Dataset excerpt:
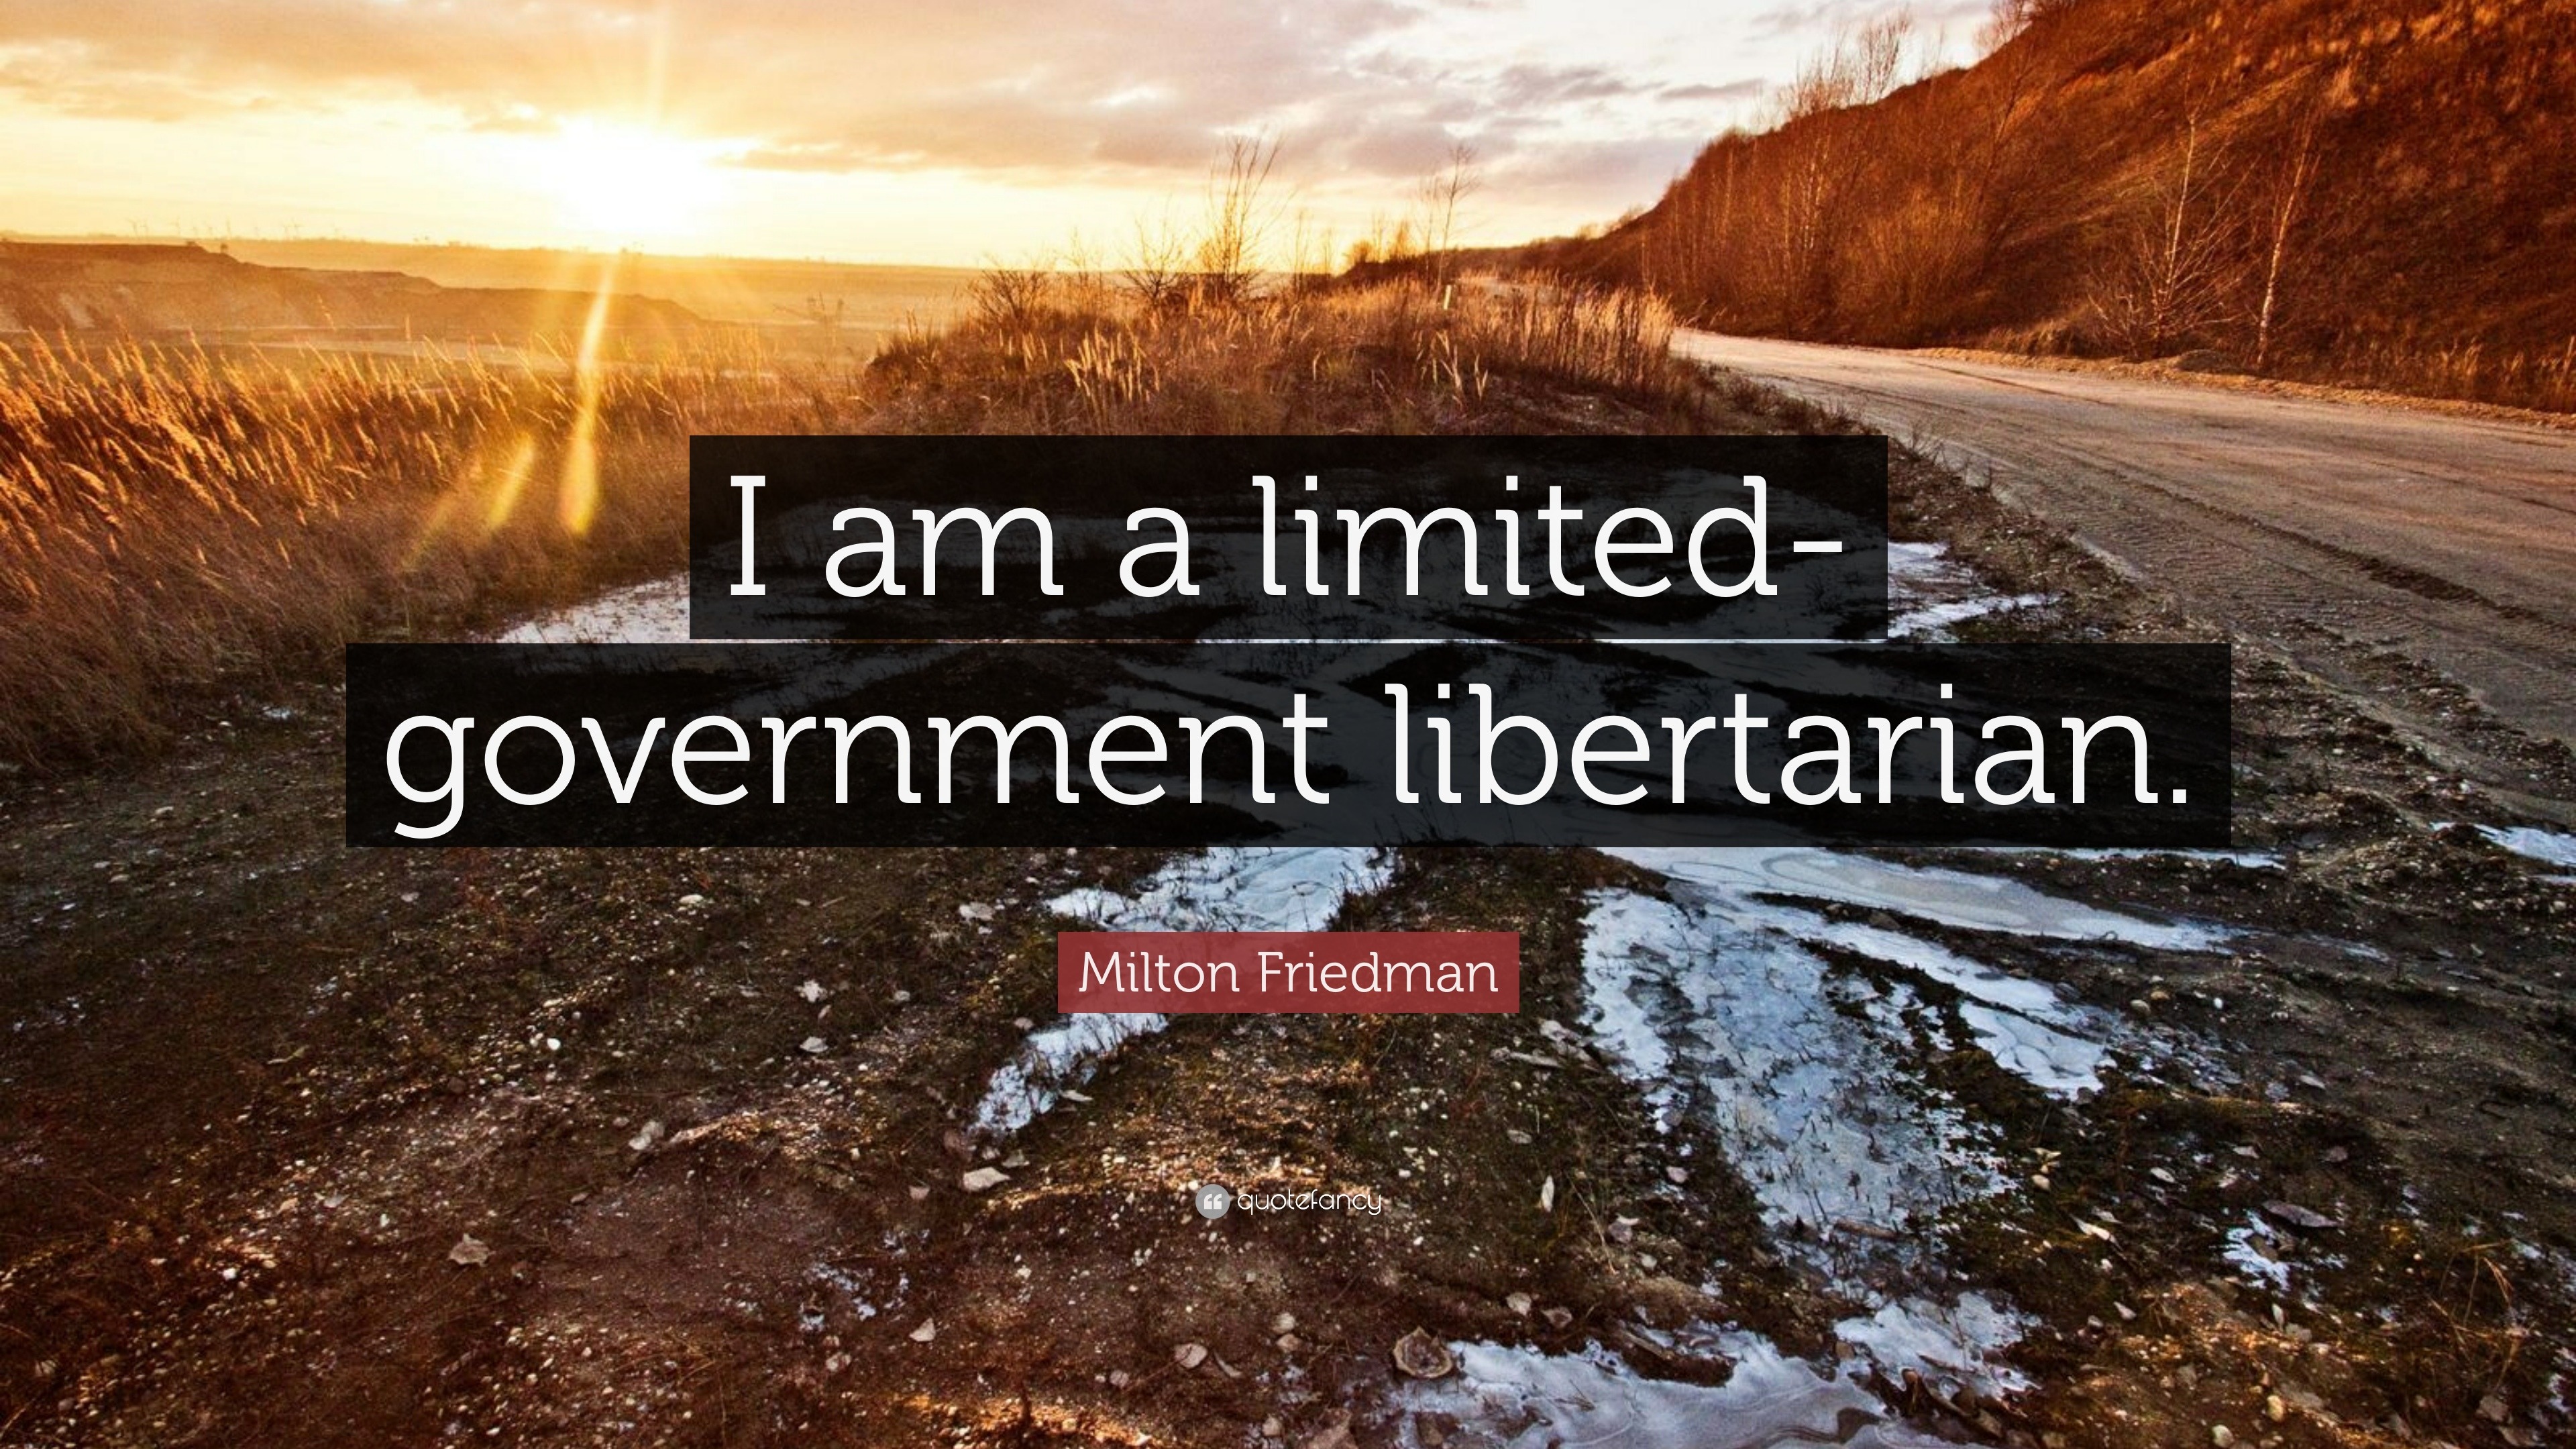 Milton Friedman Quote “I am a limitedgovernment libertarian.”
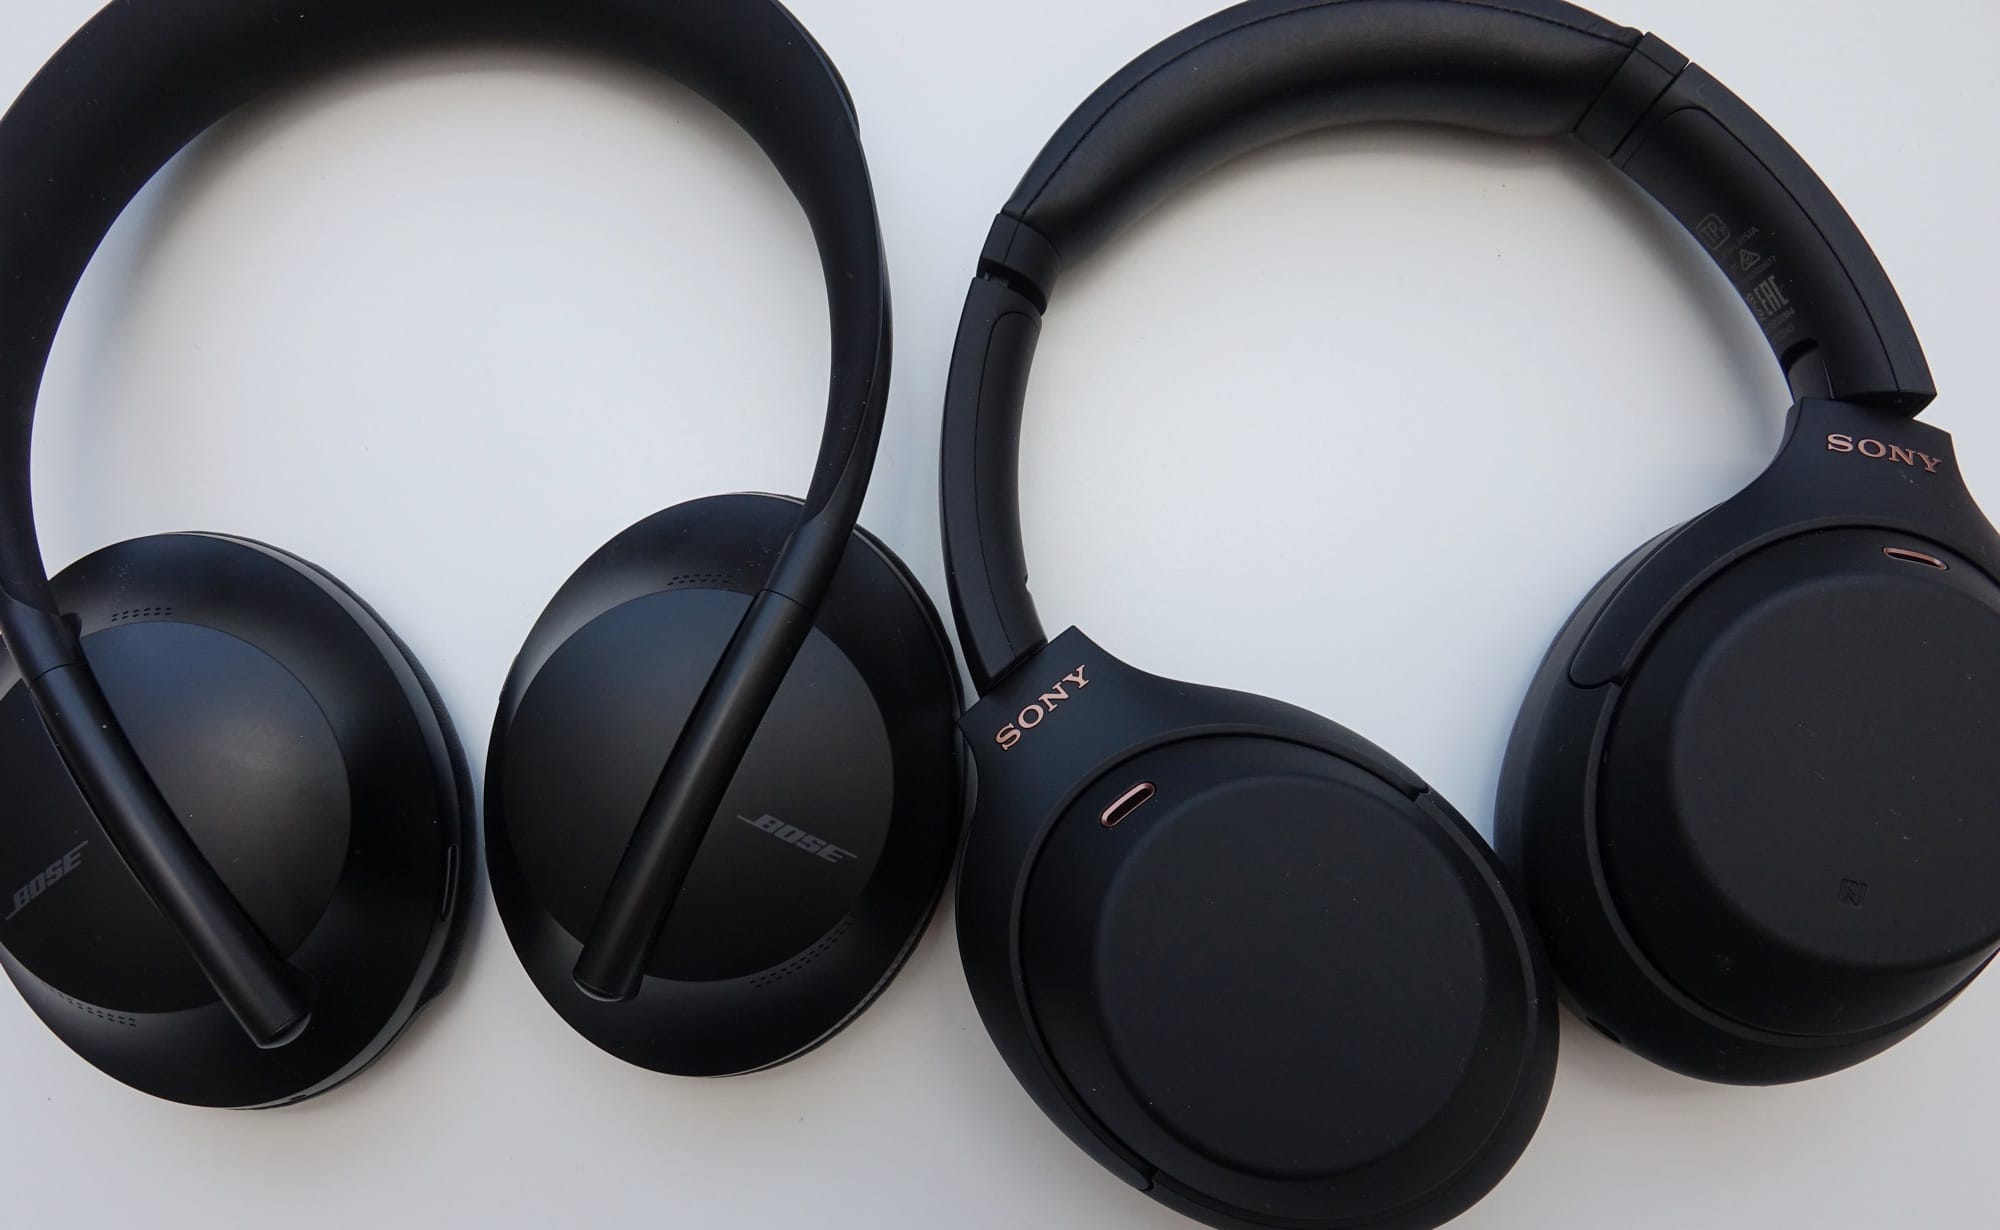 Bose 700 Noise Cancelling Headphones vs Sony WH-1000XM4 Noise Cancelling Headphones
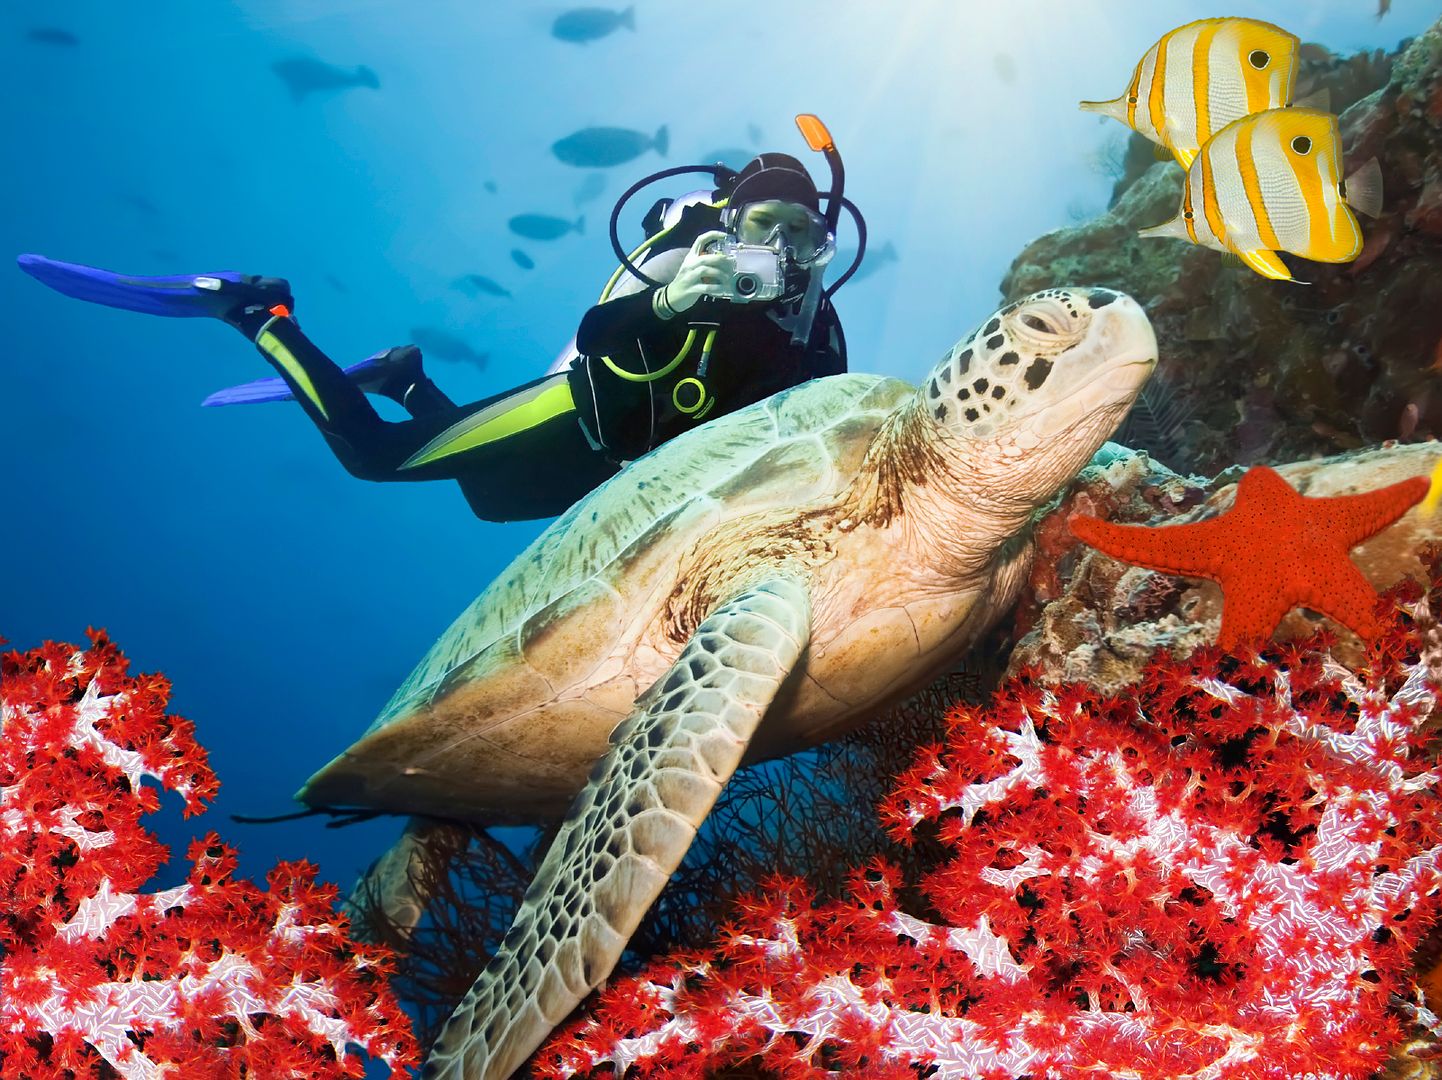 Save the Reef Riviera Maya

Prompt: Strip out the pictures and quote the remaining data word for word.

Answer to this problem:
 Milton Friedman Quote “I am a limitedgovernment libertarian.”
 Bose 700 Noise Cancelling Headphones vs Sony WH-1000XM4 Noise Cancelling Headphones
 Save the Reef Riviera Maya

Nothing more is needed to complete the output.